- _HOW TO COMPLETE THIS TASK_
Retype the whole listing, please, keeping every line exact and dropping the pictures.

- _RECORDED DATA_
Start of Block
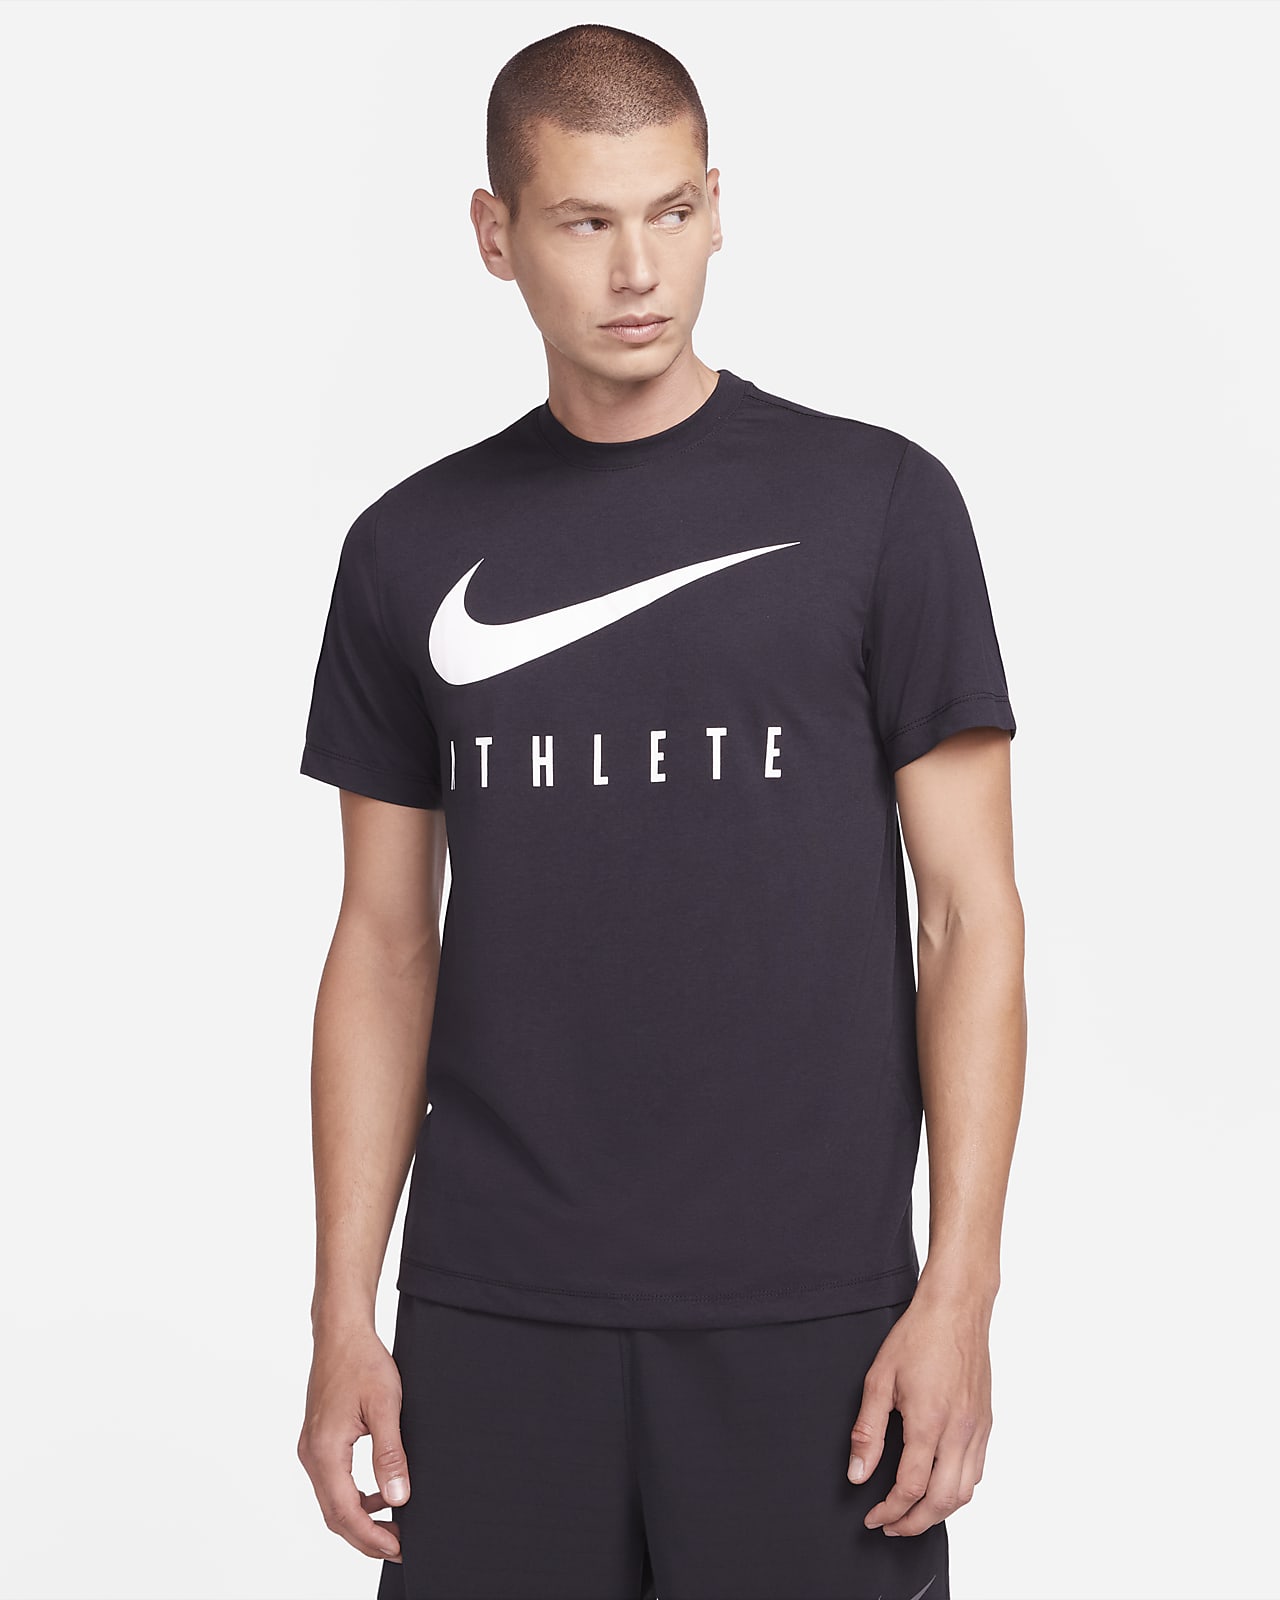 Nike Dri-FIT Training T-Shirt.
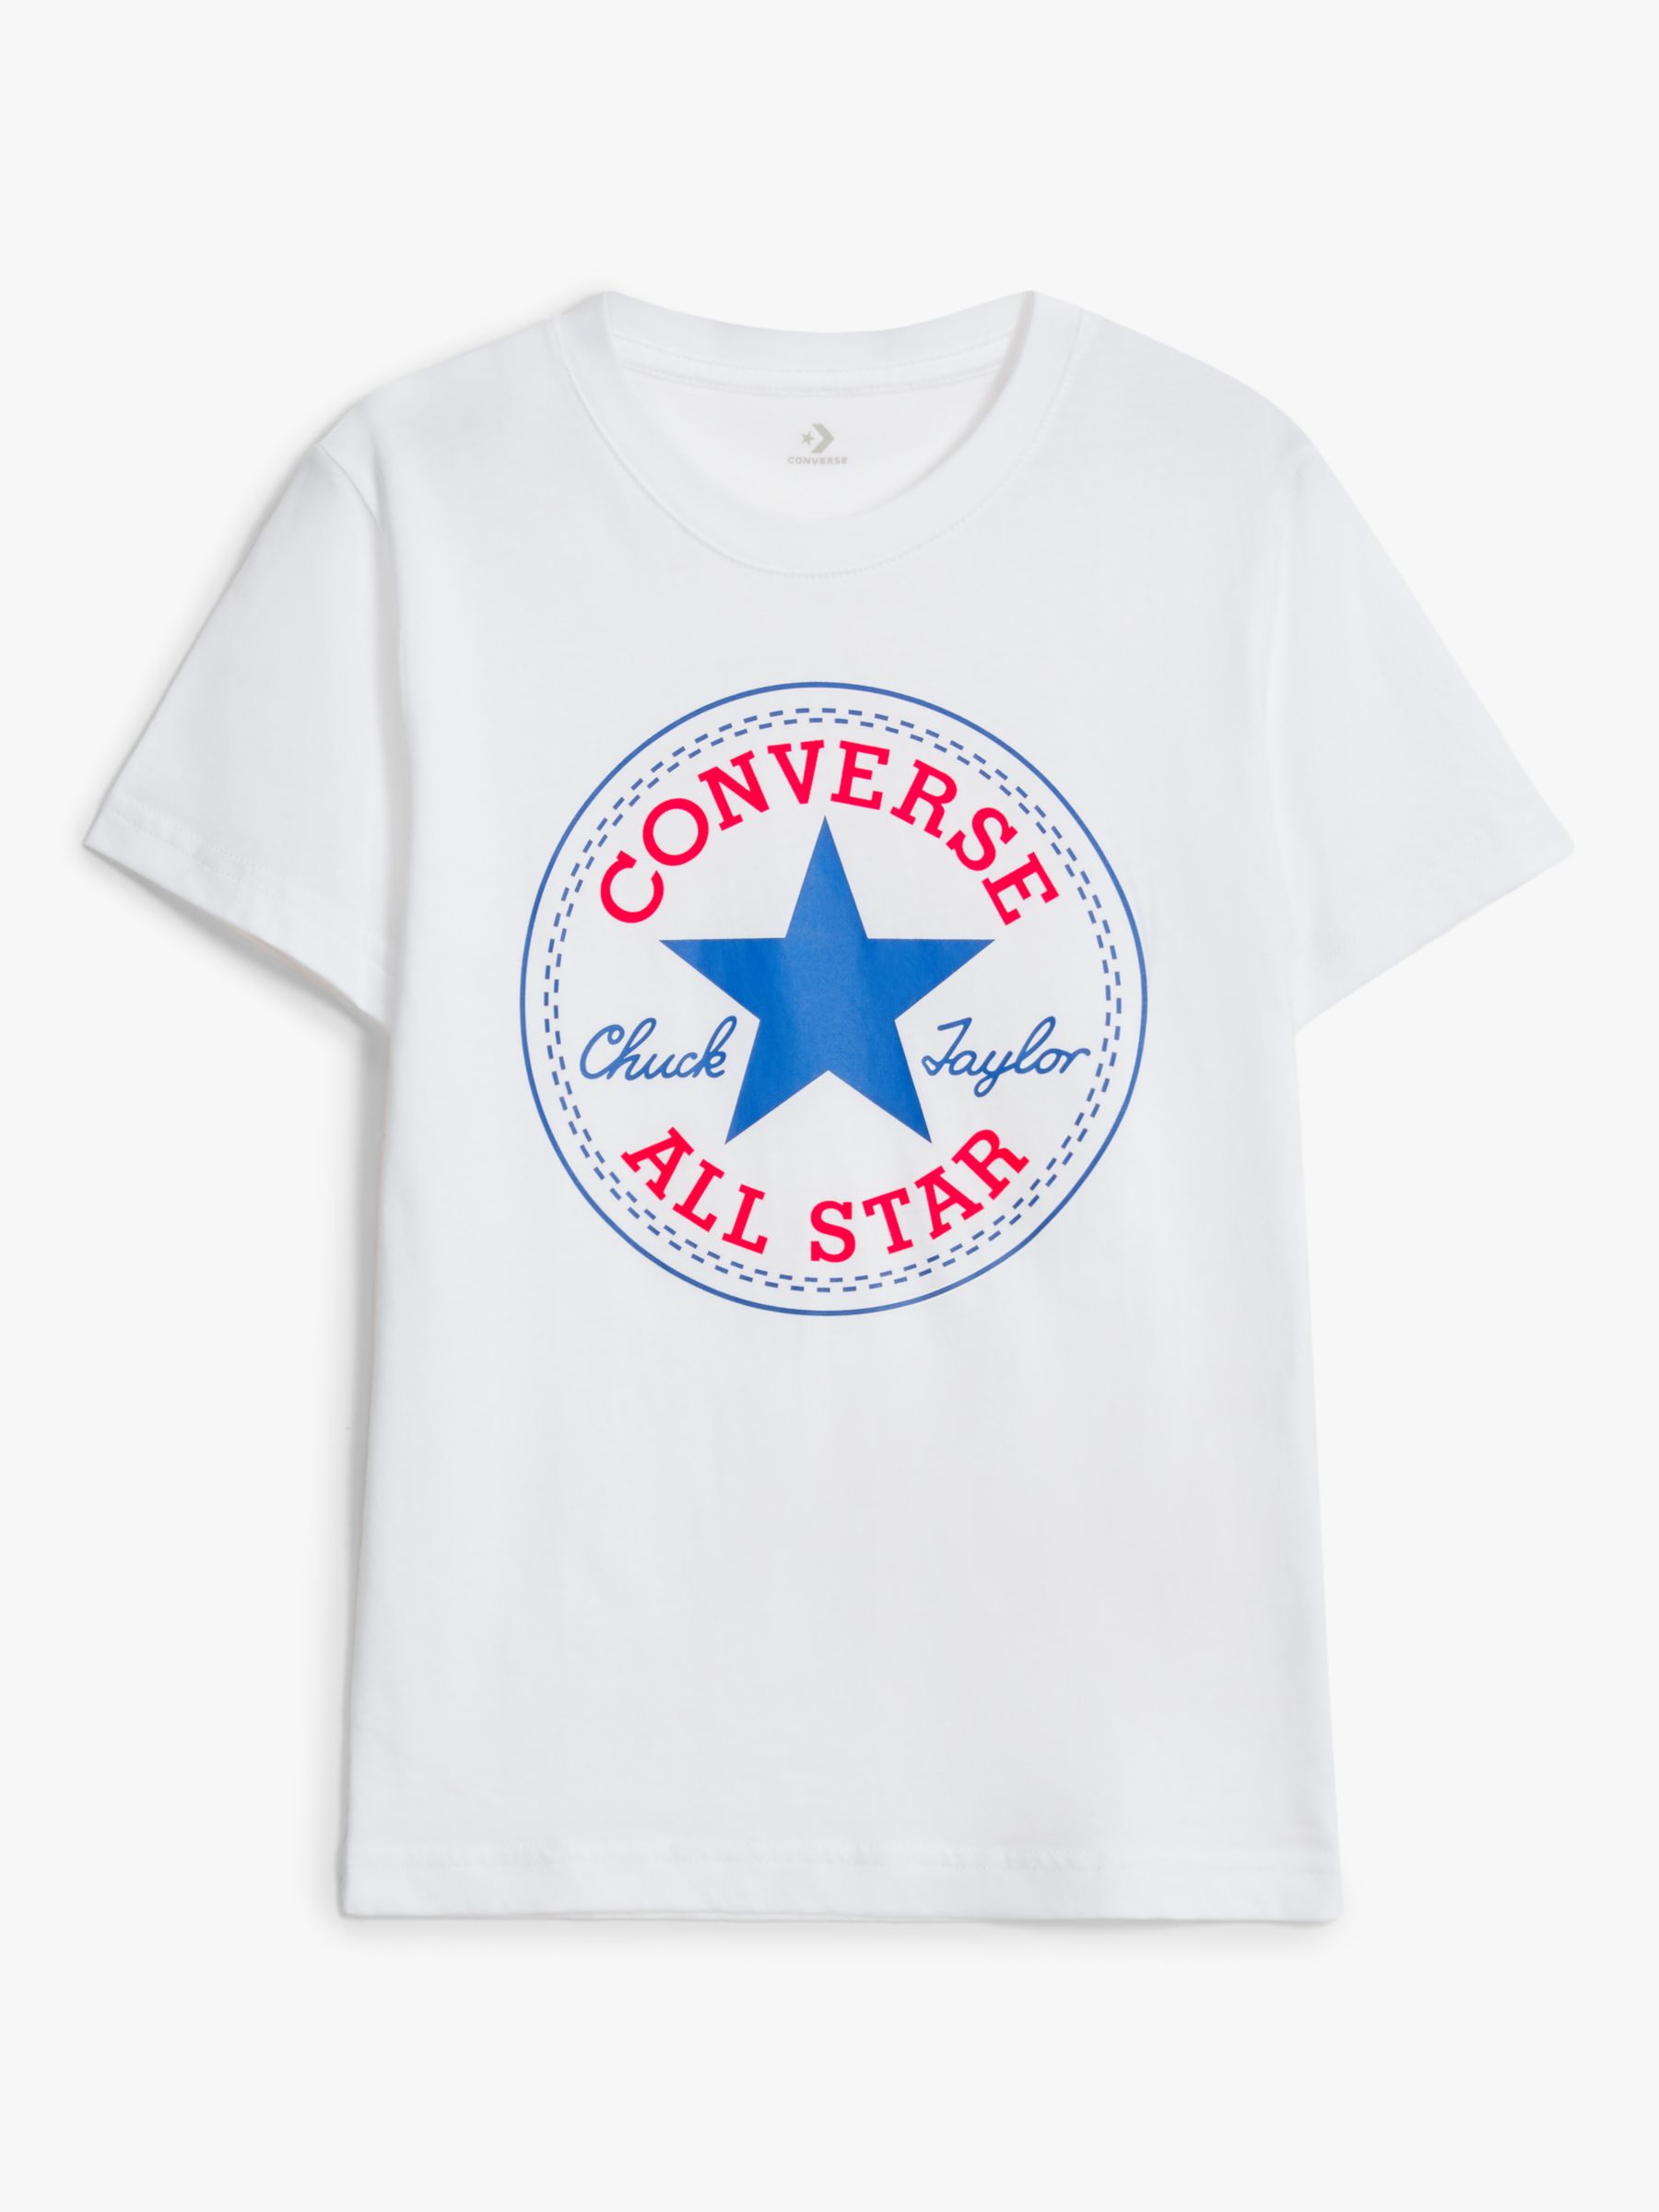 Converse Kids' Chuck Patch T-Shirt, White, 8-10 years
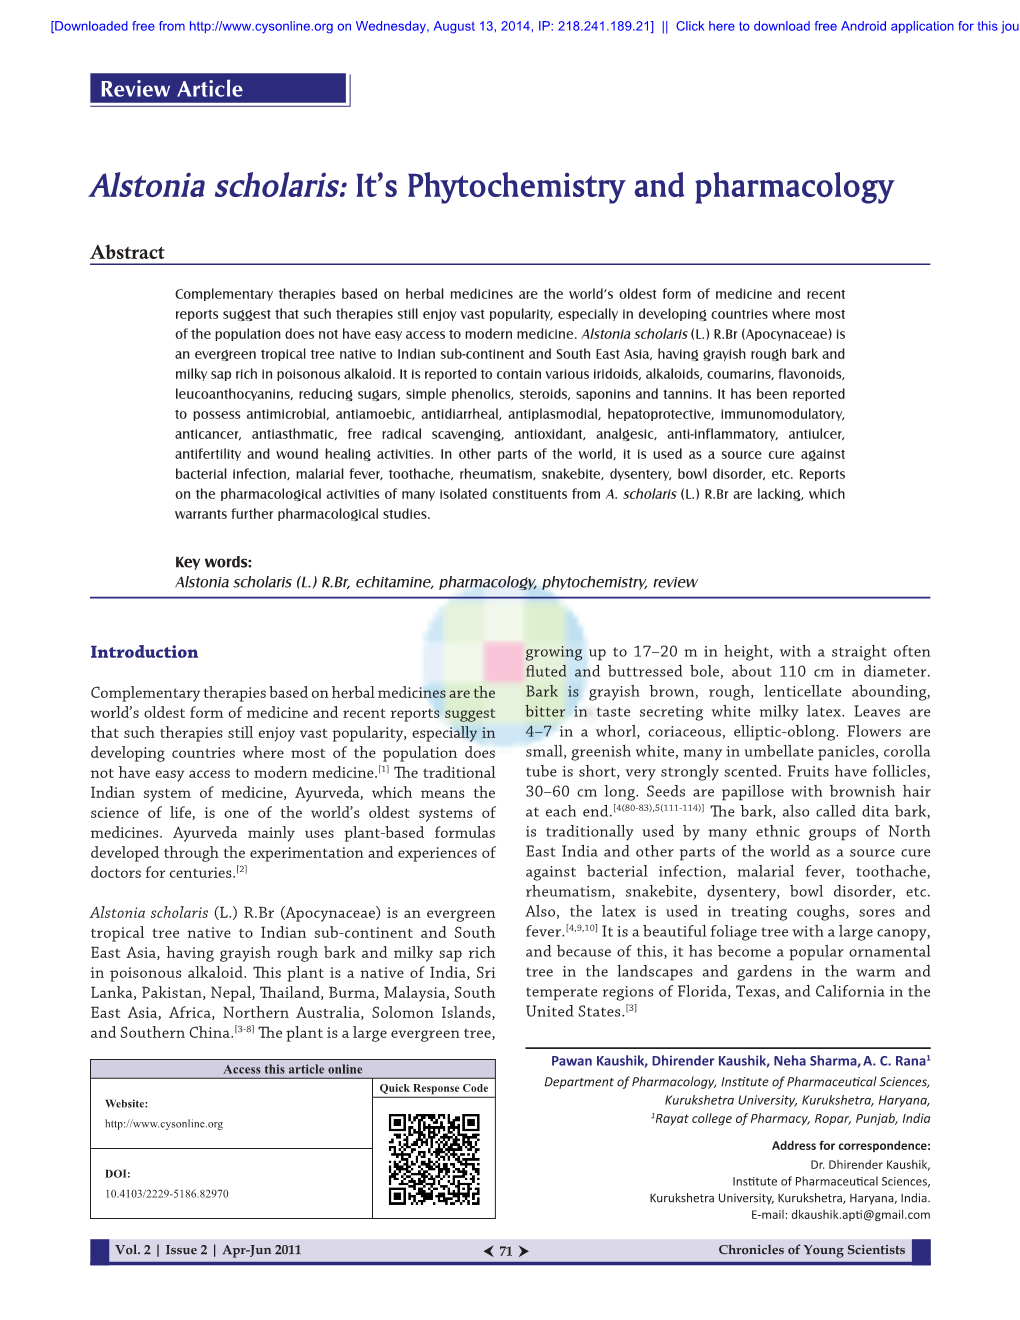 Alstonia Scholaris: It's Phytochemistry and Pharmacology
End of Block
- _REPLY_
 Nike Dri-FIT Training T-Shirt.
 Converse Kids' Chuck Patch T-Shirt, White, 8-10 years
 Alstonia Scholaris: It's Phytochemistry and Pharmacology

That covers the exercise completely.